# Data provided
-- Opening Marker --

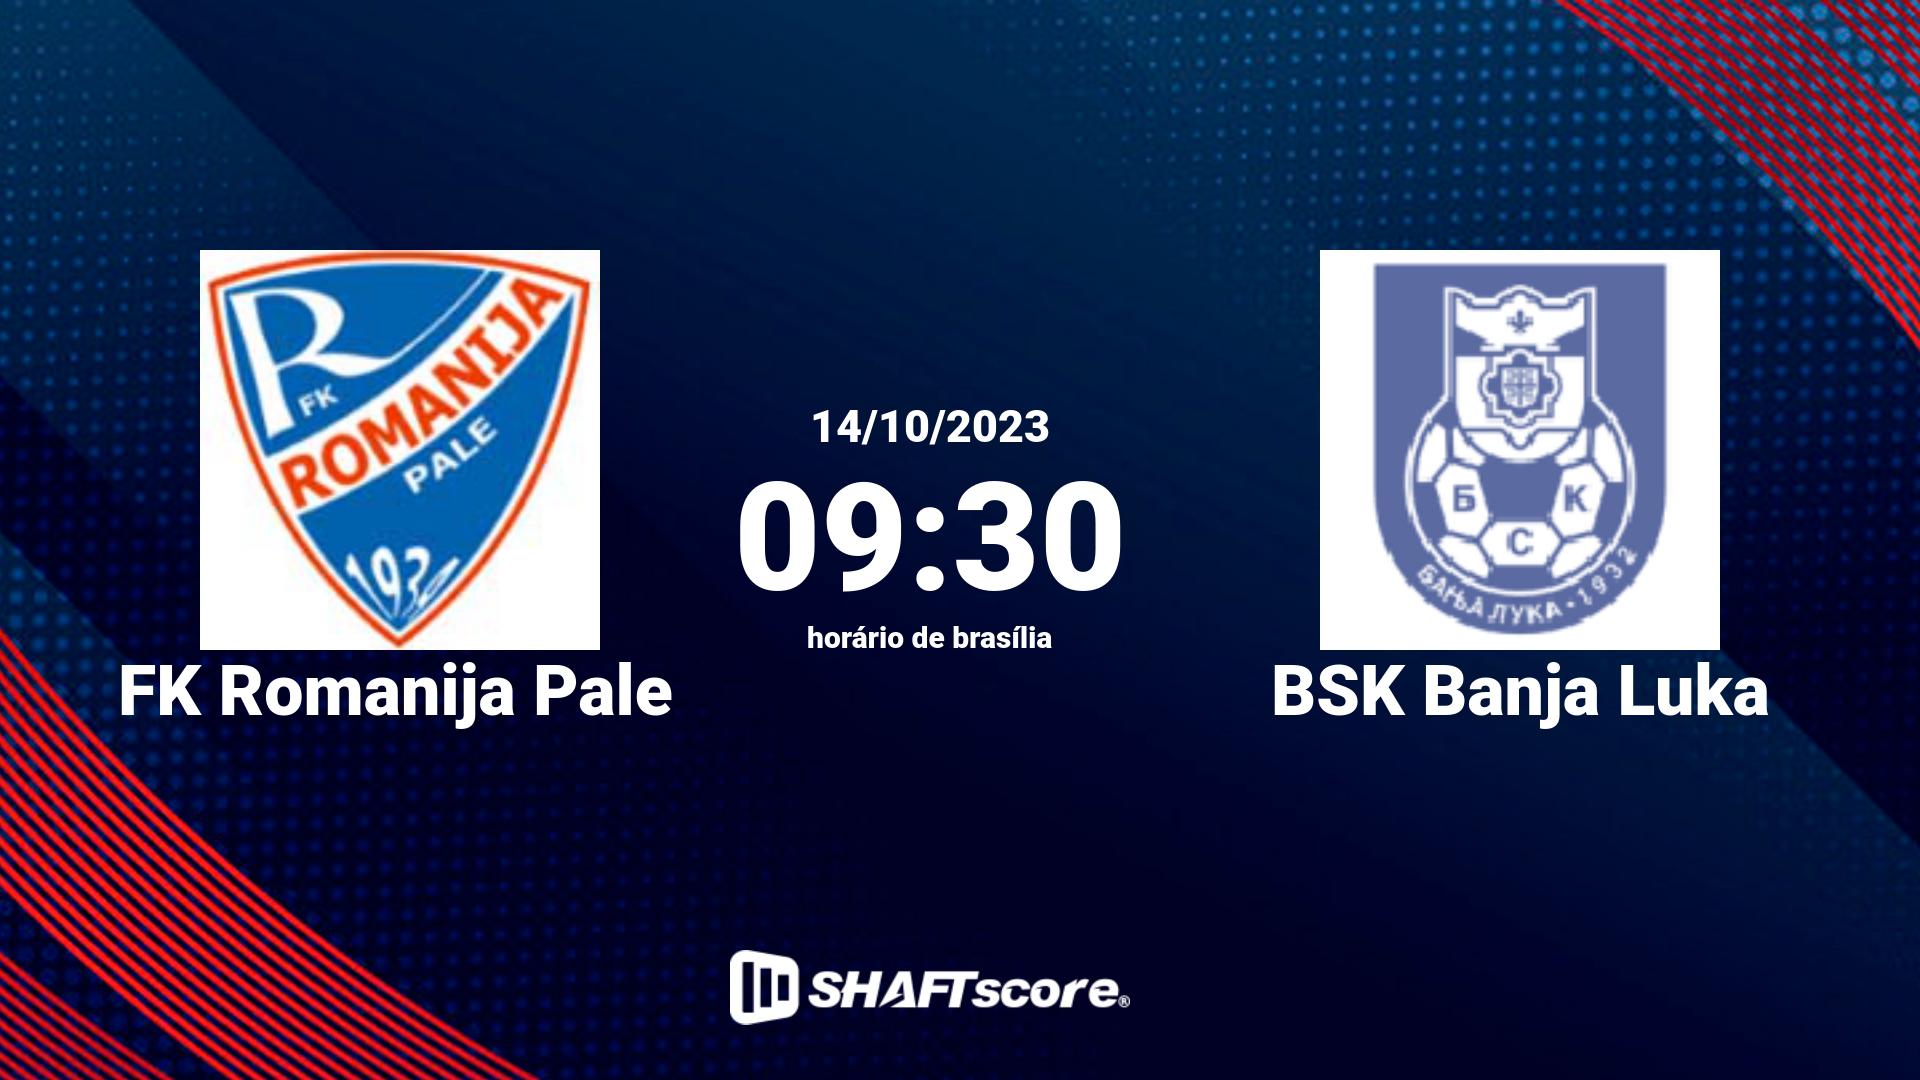 Estatísticas do jogo FK Romanija Pale vs BSK Banja Luka 14.10 09:30
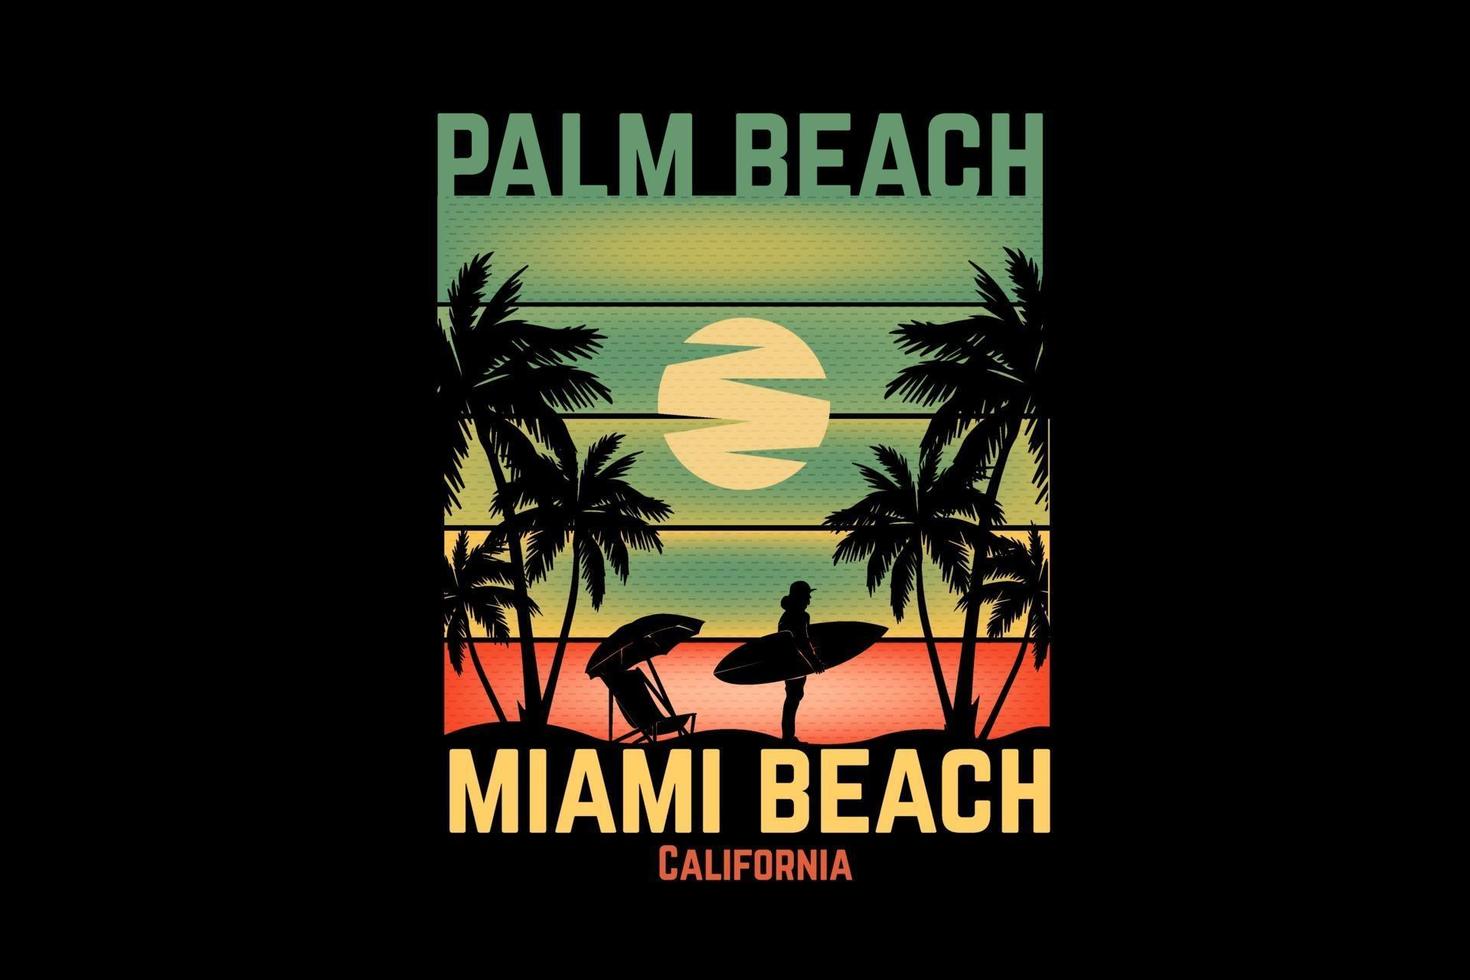 palm beach miami beach california silhouette design vector
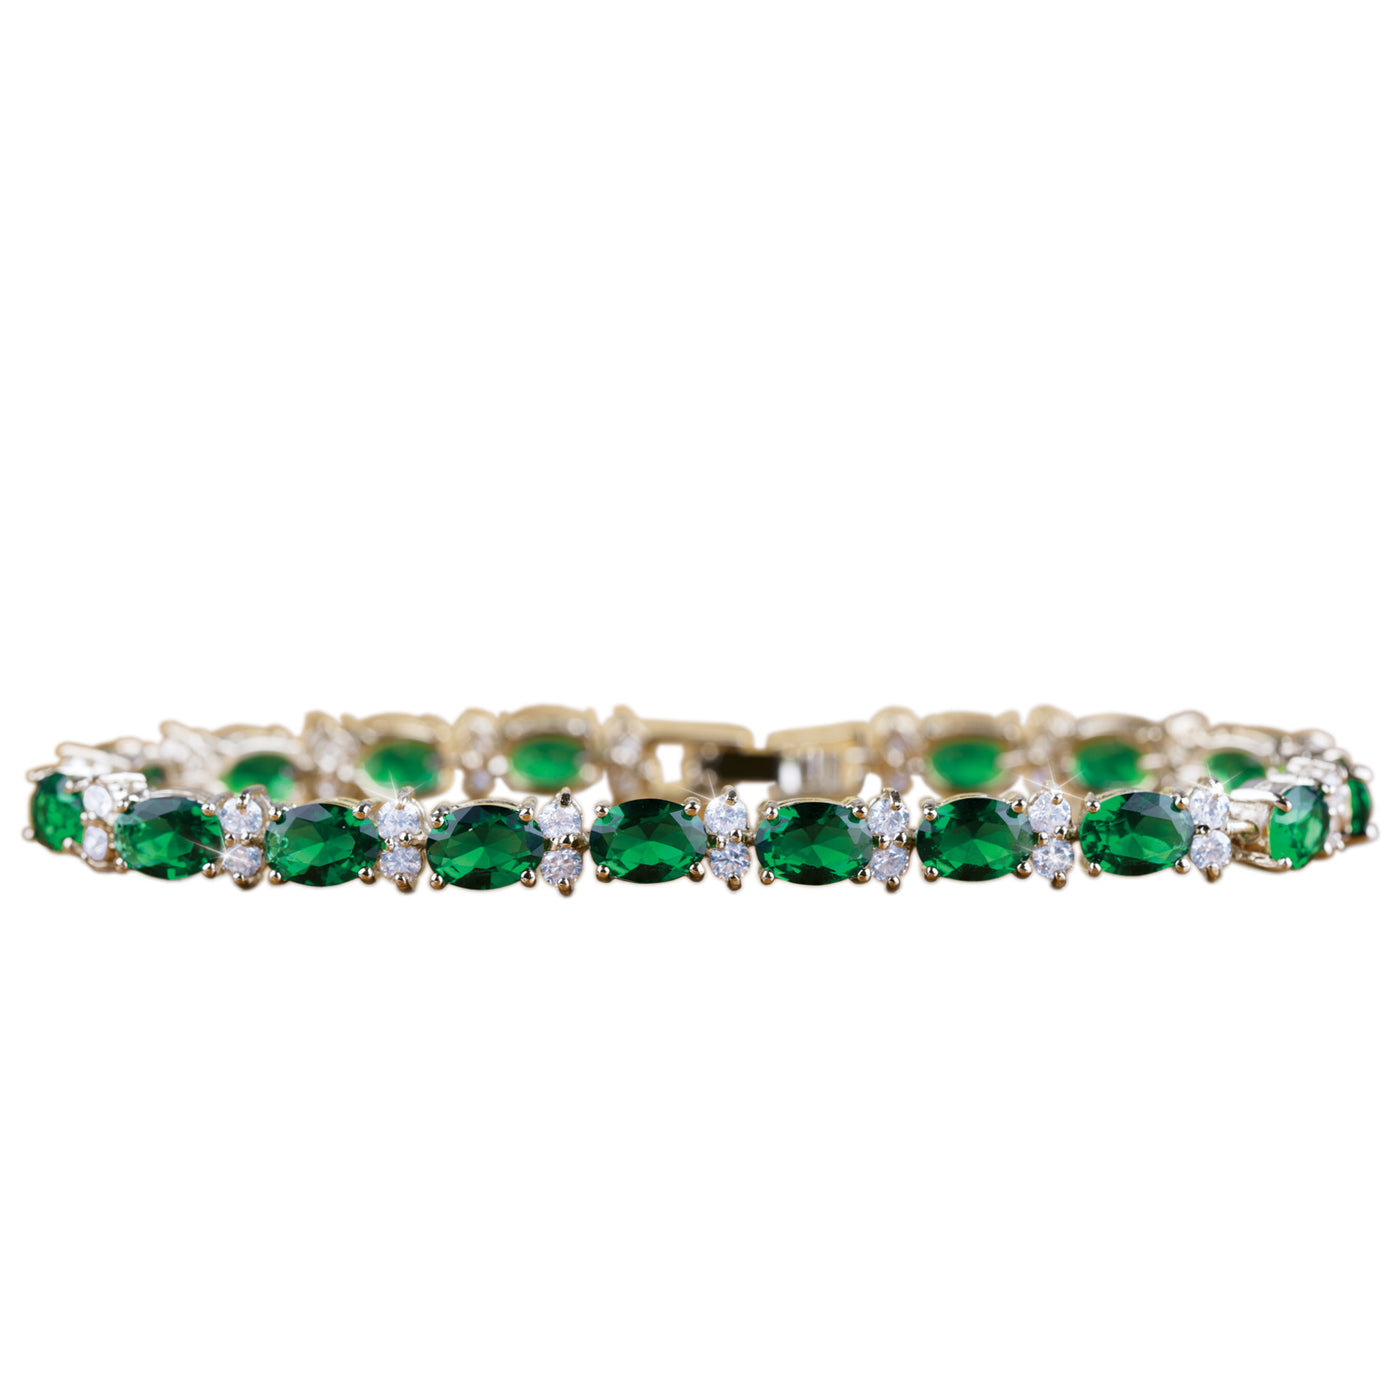 Daniel Steiger Emerald City Bracelet
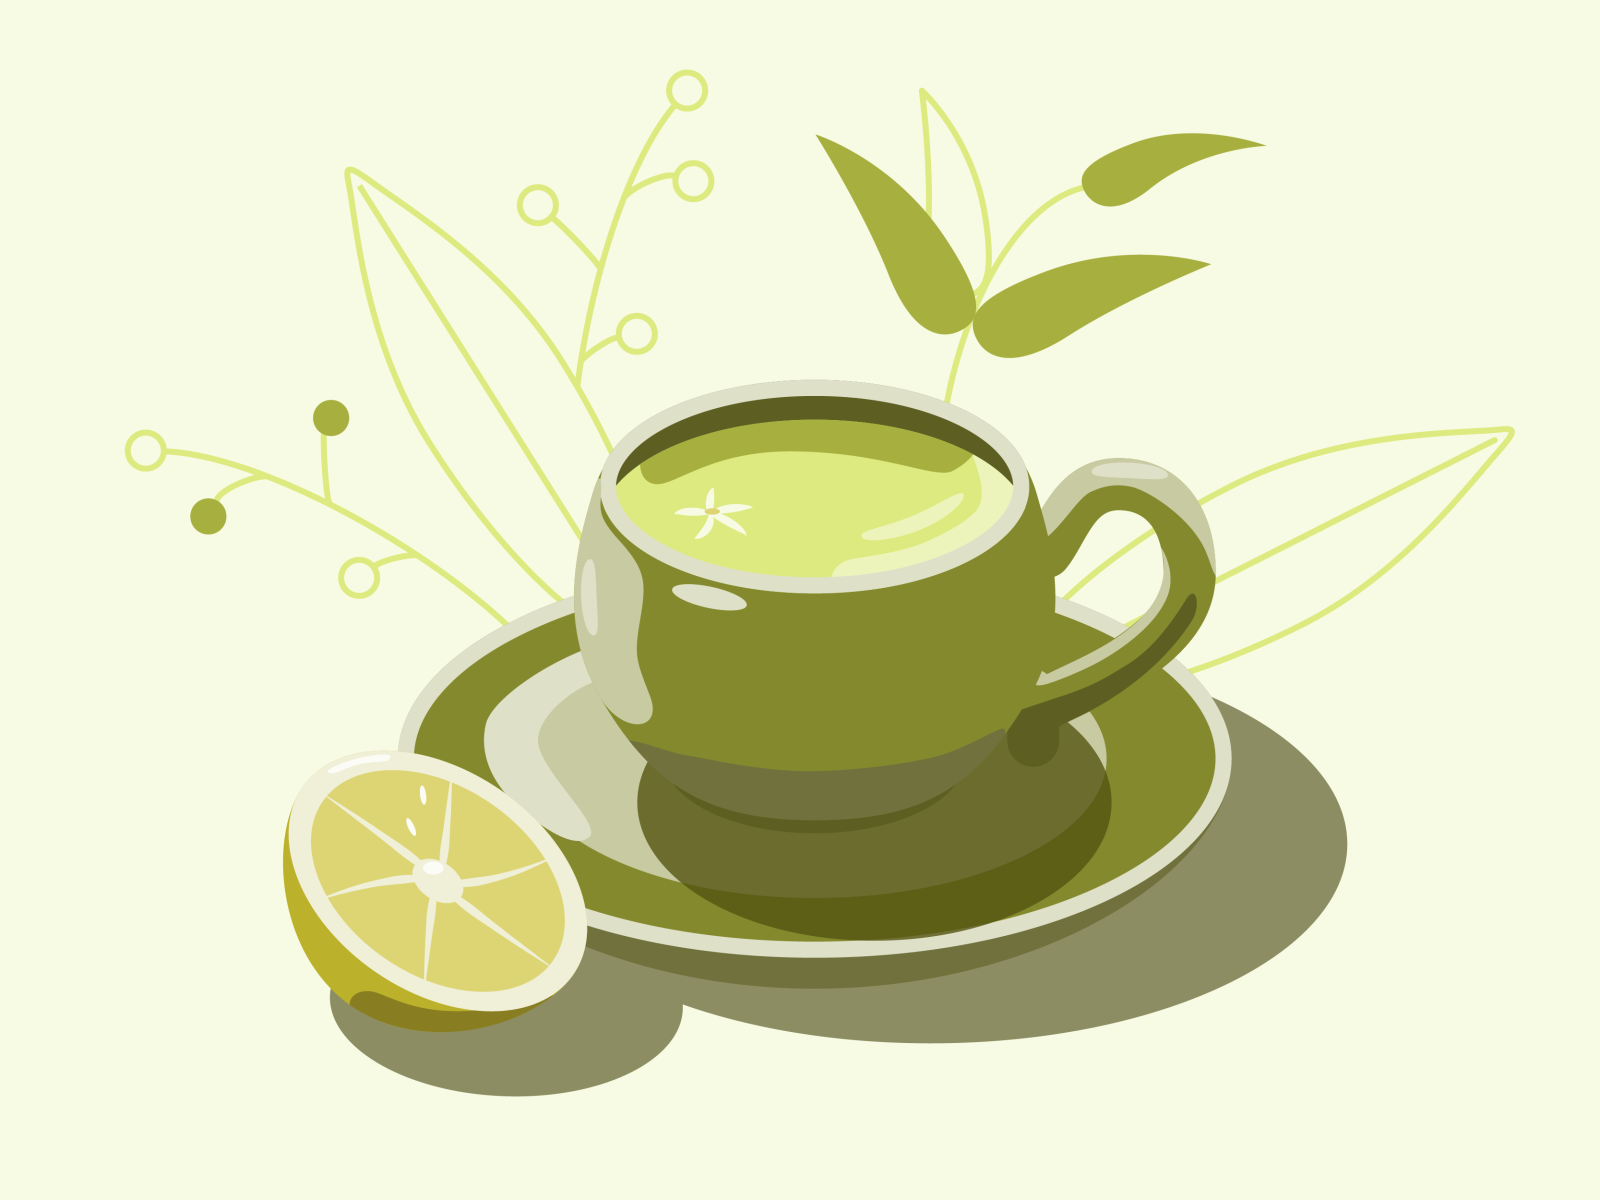 Is green tea good for health?

-- Closing Marker --

# Task instructions
Every line from the one that holds "palm beach miami" to the end of the listing should be output exactly, with pictures left out, please.

# Answer area
 palm beach miami beach california silhouette design vector
 Daniel Steiger Emerald City Bracelet
 Is green tea good for health?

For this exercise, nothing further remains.